The latest ghastly adventure from Mario’s put-upon brother is tailor made for couch co-op and multiplayer. In the main campaign, Luigi’s Mansion 3 has one player run through levels as the jumpy protagonist and the other use the malleable Gooigi use his unique strengths to slip through gutters and slide through pipes to explore new areas. The formula allows both players to feel like they’re contributing something different, and it’s fun as hell shooting plumbers into each other. 

Then there’s the online multiplayer ScareScraper mode, where you can gather a team of 8 players (2 per console) and progress through increasingly difficult tower floors. Finally, ScreamPark allows up to 8 players on a single console to face off in Mario Party-like mini-games. Needless to say, Luigi’s Mansion 3 is a couch co-op dream.

4. Mario Party Superstars

Mario Party Superstars

(Image credit: Nintendo)

Mario Party is back, baby. The latest entry in the venerable party series offers a heaping dose of well-polished nostalgia for Mario Partyers across several generations. There are characters, mini-games, and whole maps pulled from some of the best games in the series, resulting in a beefy, time-tested couch co-op experience sure to turn any otherwise well-mannered group of self-respecting humans into a chaotic storm of jeering, accusing, and conspiring competitors with an unquenchable thirst for those precious yellow stars.

3. Arms

Arms

(Image credit: Nintendo)

Arms is an extraordinarily approachable multiplayer experience where you flail around with a Joy-Con in each hand until your opponent dies – that is, until you both learn how to better control the game’s fairly simple mechanics. Whether you’re a skilled boxer or you’re content with the real-life equivalent to button-mashing, Arms is a wonderful local competitive experience. 

You’ll combine accurate throws and projectiles to drain your foe’s life bar before you take one too many spring-powered gloves to the face. As mentioned earlier, there isn’t much of a learning curve, although there are mechanics in place to balance out matches between skilled and unskilled players, making this one of the more family-friendly competitive entries on this list.

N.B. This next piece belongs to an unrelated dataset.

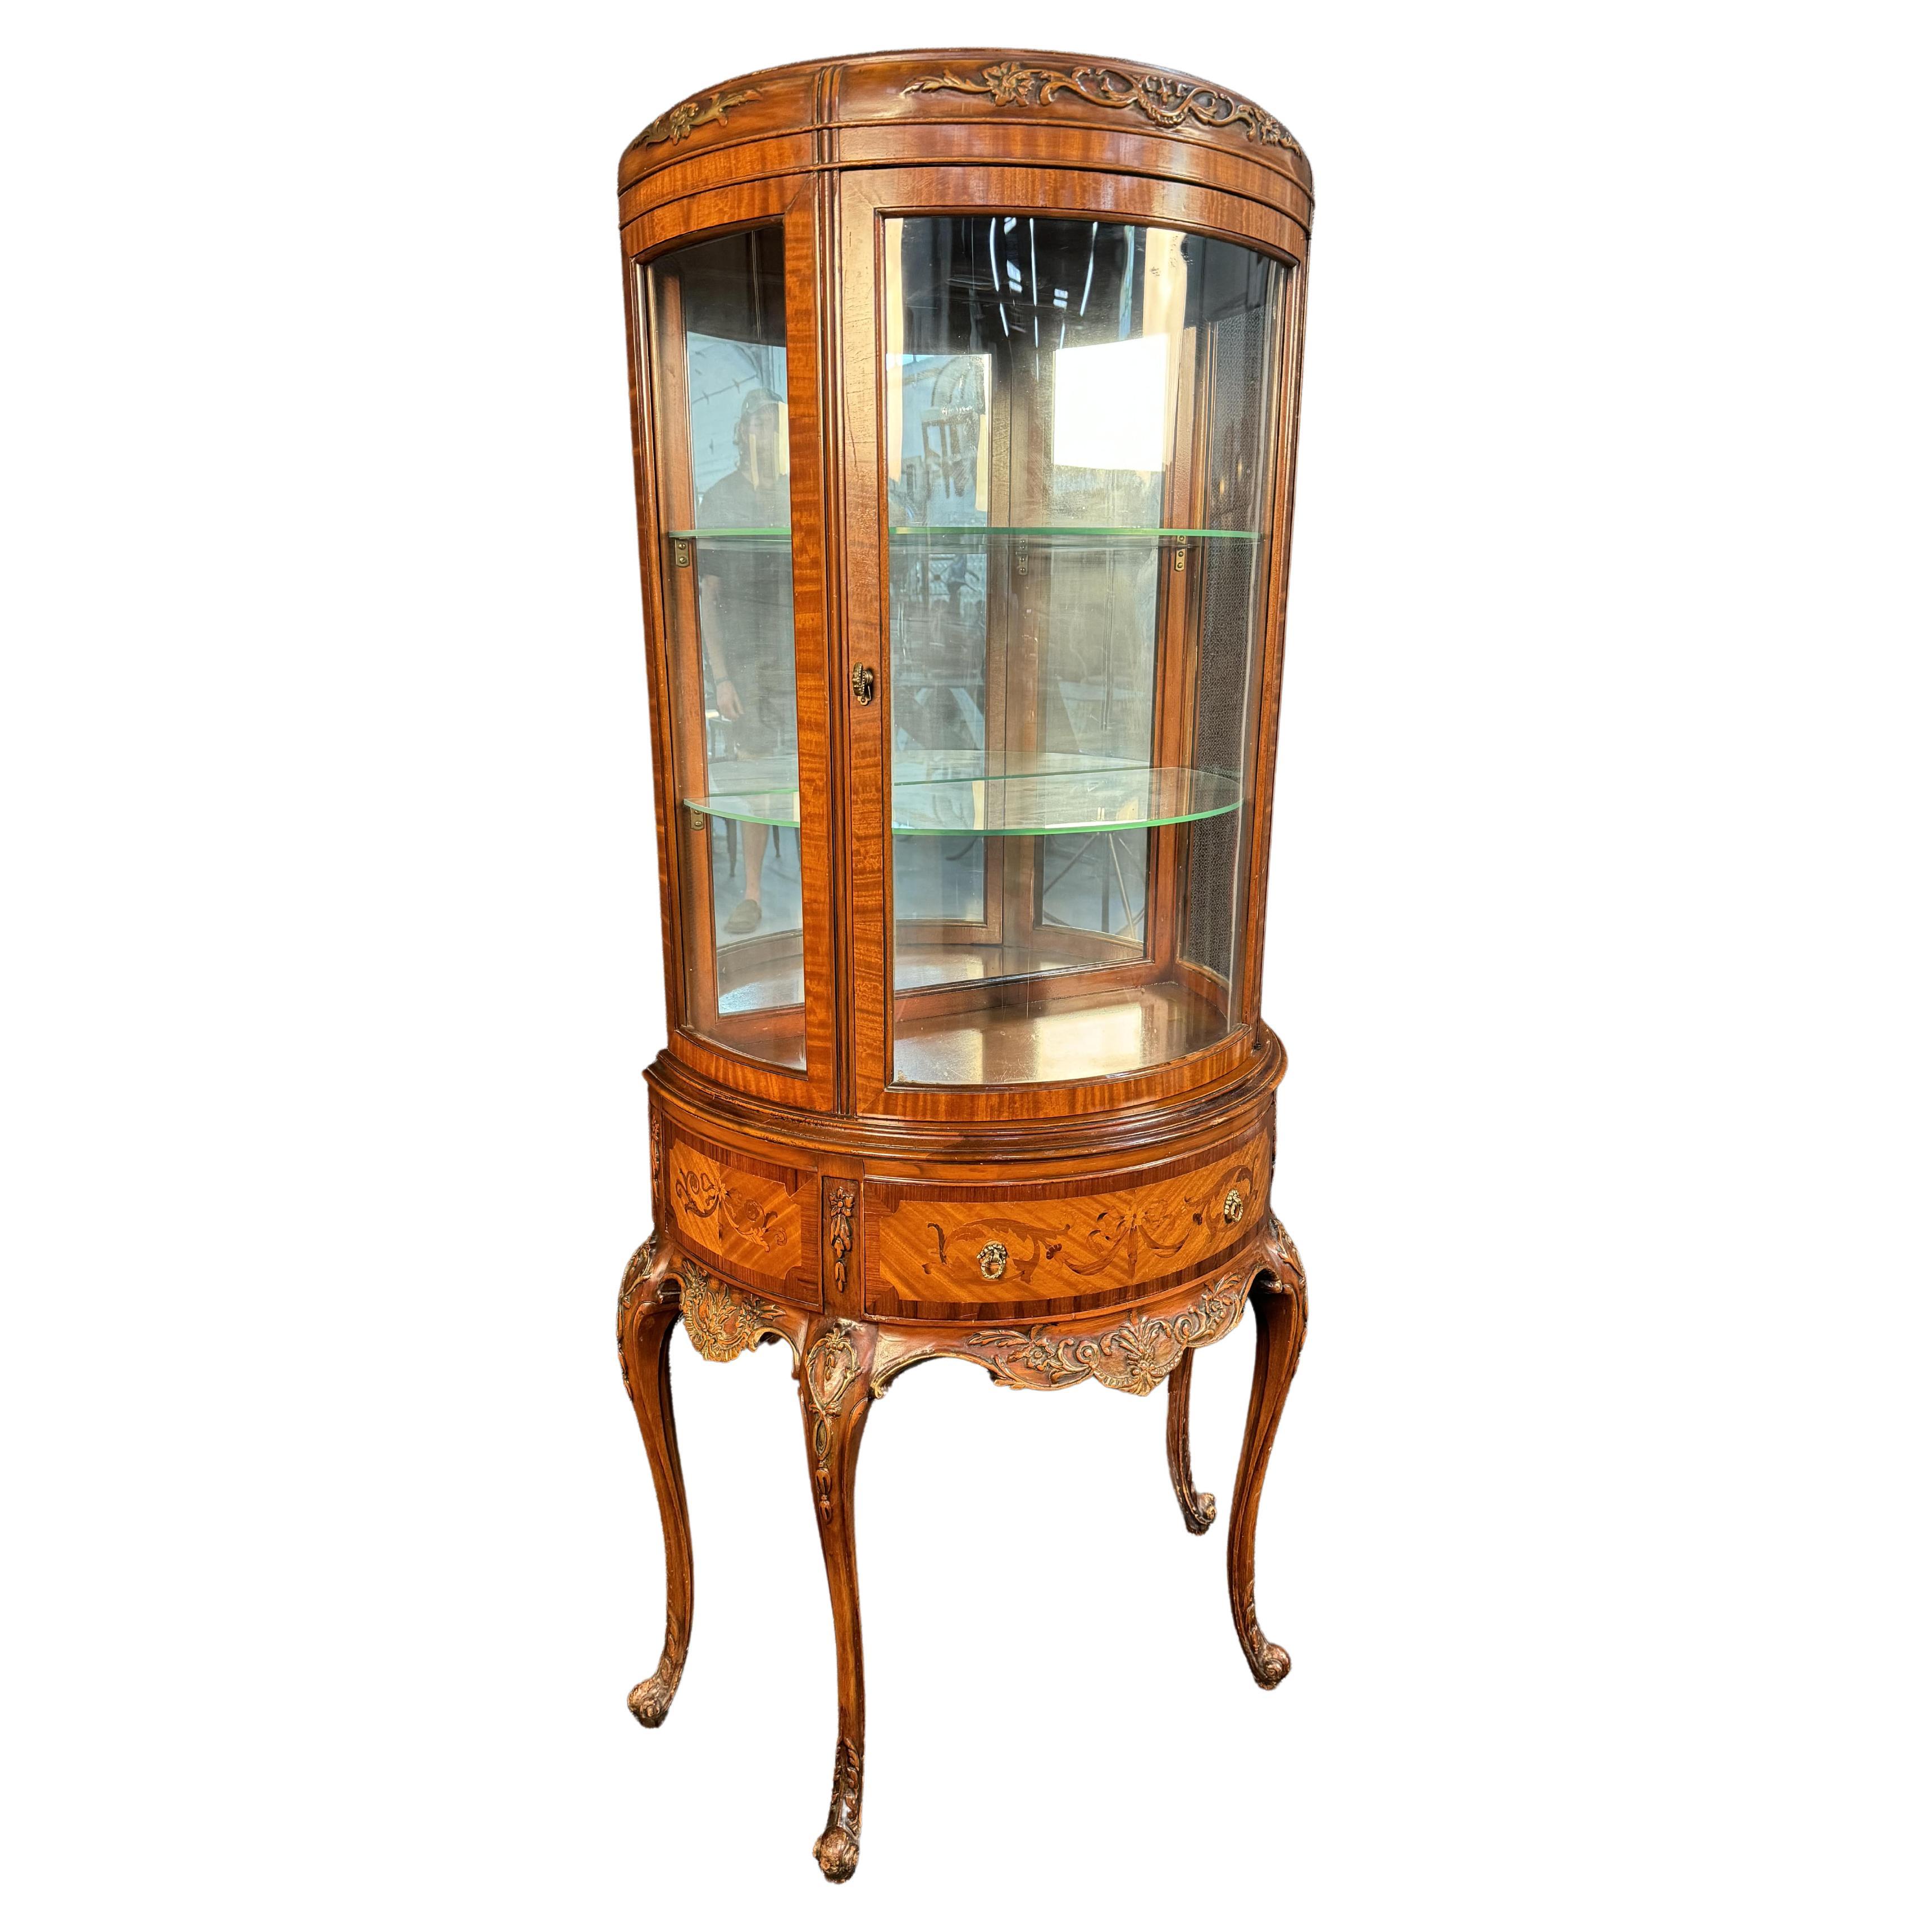 An elegant curved glass china or curio display cabinet or vitrine has satinwood, mahogany and rosewood inlaid marquetry. Please confirm location with seller (NY or NJ)

2. Super Smash Bros. Ultimate

Super Smash Bros Ultimate

(Image credit: Nintendo)

Ah, Smash Bros., the ultimate catalyst to a doomed friendship since 1999. Whether wistfully lobbing bombs at your friends and laughing as they backfire, or taking out bottled-up aggression on your family, Smash Bros. is the best fighting experience on a Nintendo console and one of the most iconic multiplayer brawlers of all time.

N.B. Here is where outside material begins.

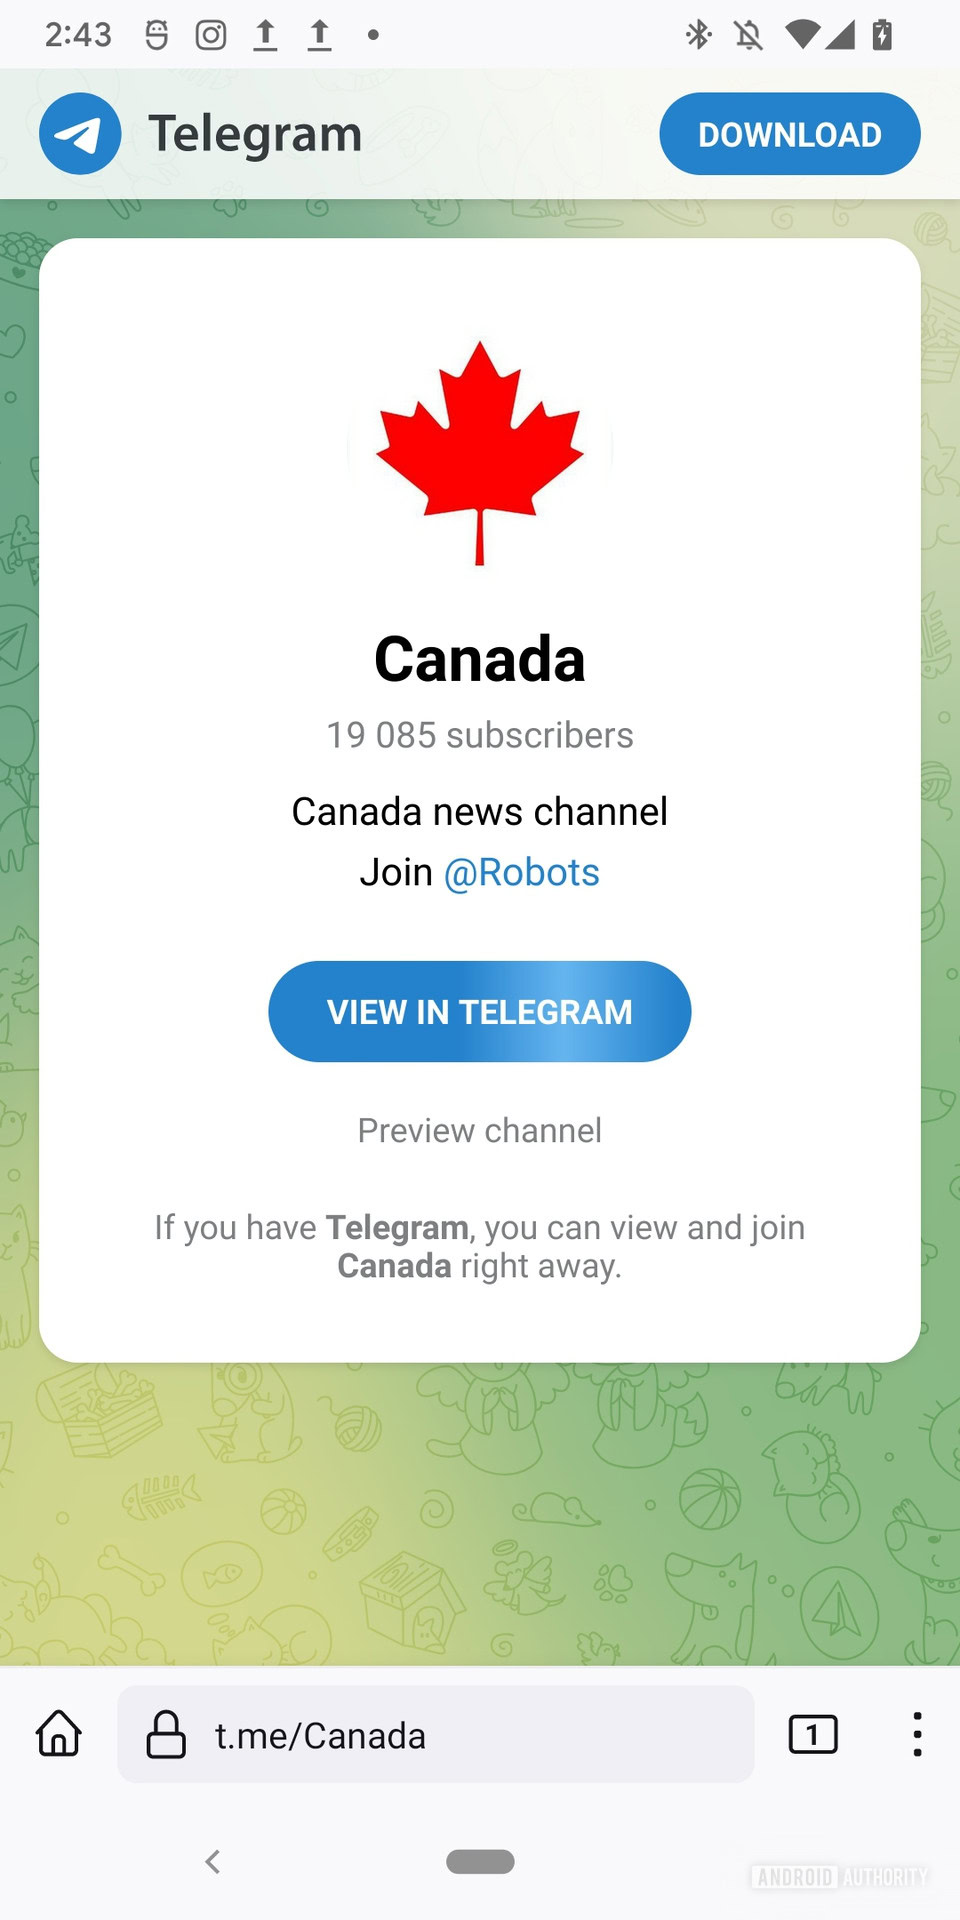 The webpage for 'https://t.me/Canada' showing the groups name of 'Canada' and its logo of the group of a red Canadian maple leaf and a blue button that reads 'View in Telegram'.

Super Smash Bros. Ultimate is the best game in the series and an essential multiplayer experience on Switch. The roster is the largest ever, featuring every character from past titles as well as a bunch more, and there’s an excessive number of unique stages to play. This is the Smash Bros. we’ve always known and loved, but more ambitious and successful.

1. Mario Kart 8 Deluxe

Mario Kart 8 Deluxe

(Image credit: Nintendo)

Mario Kart is the quintessential multiplayer Nintendo experience, making its debut on the Super Nintendo in 1992. Nearly three decades later, it’s as prevalent as ever in today’s local multiplayer circuit. Mario Kart 8 Deluxe is the definitive version of one of the series’ finest titles, adding new characters, tracks, and a Battle mode that’s vastly improved from the Wii U version. The Switch port takes the already-great Grand Prix mode and adds polish and new content, and makes the competitive Battle mode something you’ll actually want to turn to once you’ve seen enough of standard races. And with more tracks still to come thanks to the Mario Kart Booster Course Pass, there’s plenty to get stuck into with pals.